Concerned about those trends, Dr. Song completed subspecialty training in glaucoma at the Jules Stein Eye Institute at the University of California at Los Angeles. Today, he is a full-time member of Mass. Eye and Ear’s Glaucoma Service and sees patients at both the Longwood and Charles Street locations. As a K12 Scholar in the Harvard-Vision Clinical Scientist Development Program, Dr. Song also conducts research on the feasibility of using telemedicine to improve glaucoma screening.
Dr. Song’s clinical practice is primarily focused on the management of complex glaucoma cases. “Many patients are referred to us at Mass Eye and Ear because they have advanced eye disease that requires more specialized attention,” he explains.
Glaucoma is, first and foremost, a disease of the optic nerve. While high intraocular pressure is often associated with glaucoma, this is not always the case. Patients with a form of glaucoma called normal tension glaucoma experience optic nerve damage, but do not have elevated eye pressures.
“So there are other issues at play,” Dr. Song says. “Some studies indicate that blood-flow may be an issue. Here at Mass. Eye and Ear, we have researchers who are doing work to better understand some of these other risk factors for glaucoma, such as genetics.”
“But intraocular pressure remains the only proven, modifiable risk factor for treating glaucoma,” he adds, “so the mainstay of glaucoma treatment remains focused on lowering eye pressure.”
There are a number of ways to lower a patient’s intraocular pressure. Medications, such as prostaglandin analogues and beta blockers, are the primary treatments to lower pressure in most patients. Laser treatment can help alleviate issues with drainage in patients with certain forms of glaucoma. Surgical therapy, such as trabeculectomy and glaucoma tube-shunts, helps to lower pressure in cases that are unresponsive to medications or laser.

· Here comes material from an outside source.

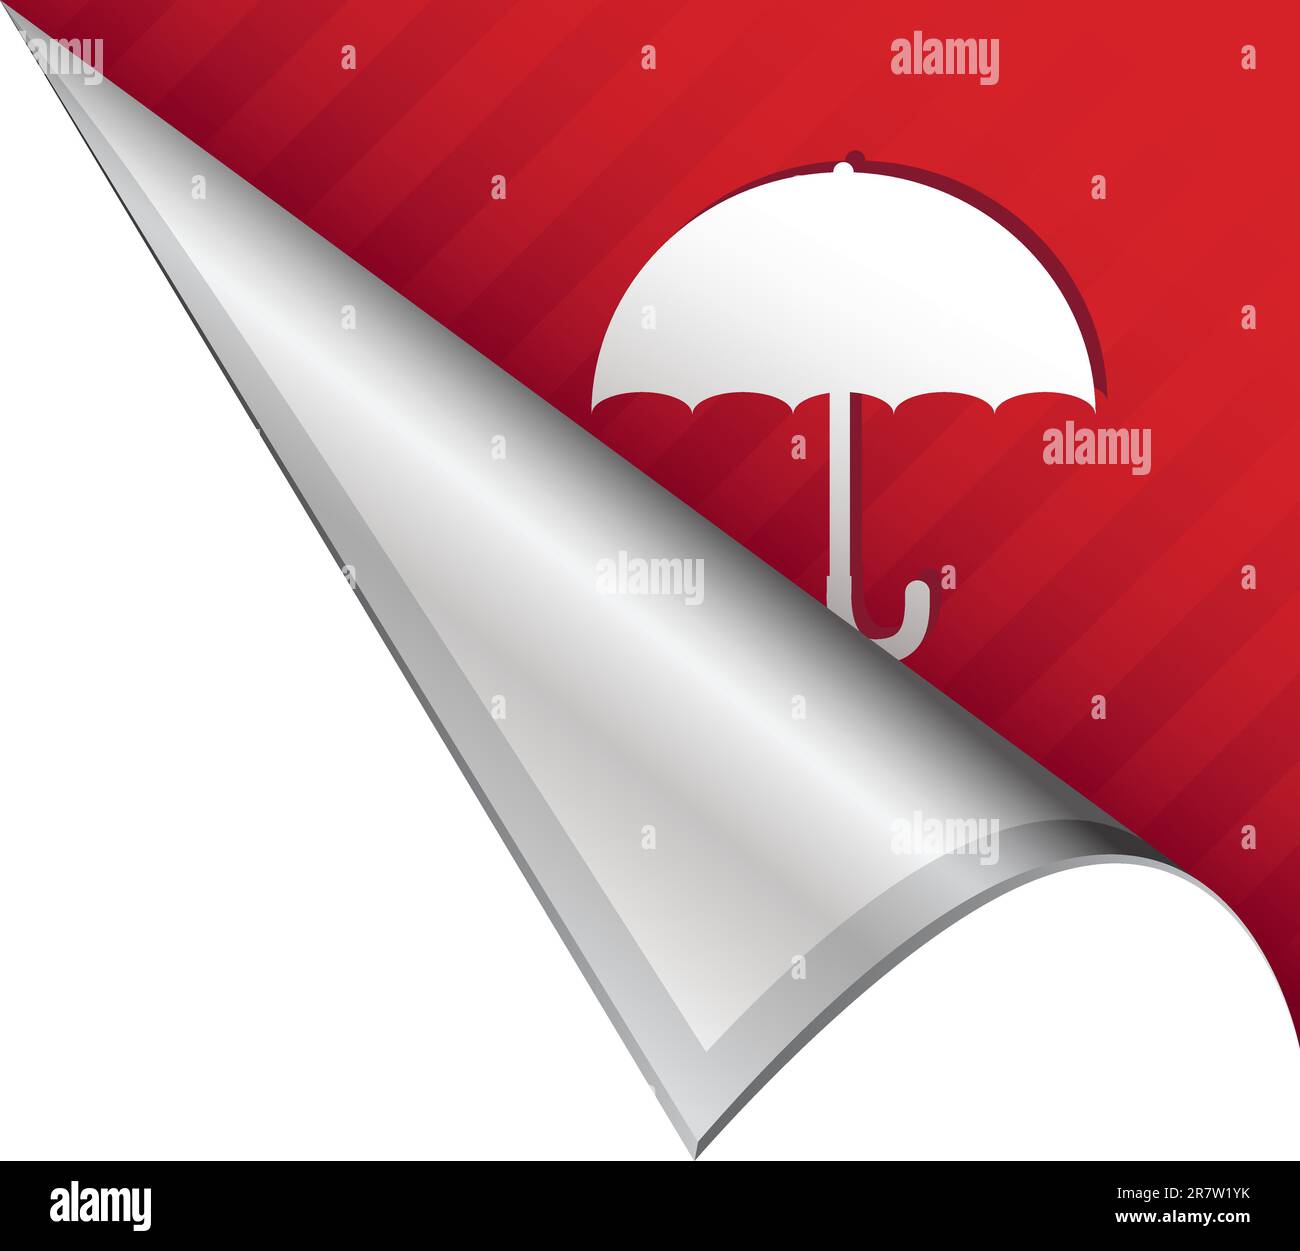 Regenschirm- oder Schutzsymbol auf vektorgeschälter Ecklasche geeignet für die Verwendung in Printmedien, auf Websites oder in Werbematerialien. Stock Vektor

For people who live in medically-underserved areas of the U.S. and worldwide, early, accessible glaucoma screening may be a solution. Dr. Song believes that telemedicine has the potential to help bridge that gap for glaucoma, citing the success of the Joslin Vision Network in helping to establish validated telemedicine protocols for diabetic retinal disease. The program at the Joslin Diabetes Center enables retinal imaging done in a physician’s office – both in the U.S. and overseas – to be sent to Joslin’s Beetham Eye Institute for expert evaluation.
“Once the results are interpreted by an eye care provider,” Dr. Song explains, “they decide whether that patient can continue with routine monitoring or if urgent follow-up care in an office setting is needed.”
Working closely with Dr. Louis Pasquale, who directs Mass. Eye and Ear’s Glaucoma Service, and Dr. Lloyd Paul Aiello, Director of Joslin’s Beetham Eye Institute, Dr. Song hopes to establish a telemedicine model that can be effective for glaucoma screening.
“This approach won’t replace the live eye exam,” he says. “But an early detection tool like this could help us better identify patients who might otherwise lose their vision without glaucoma treatment.”
In addition to his clinical and research activities, Dr. Song is an Instructor in Ophthalmology at Harvard Medical School, where he teaches residents and fellows about the diagnosis and management of glaucoma. “Working with trainees is one of the aspects of my job that I enjoy the most,” he says. “It is rewarding to see them gain new skills, knowledge, and confidence as they progress in their training.”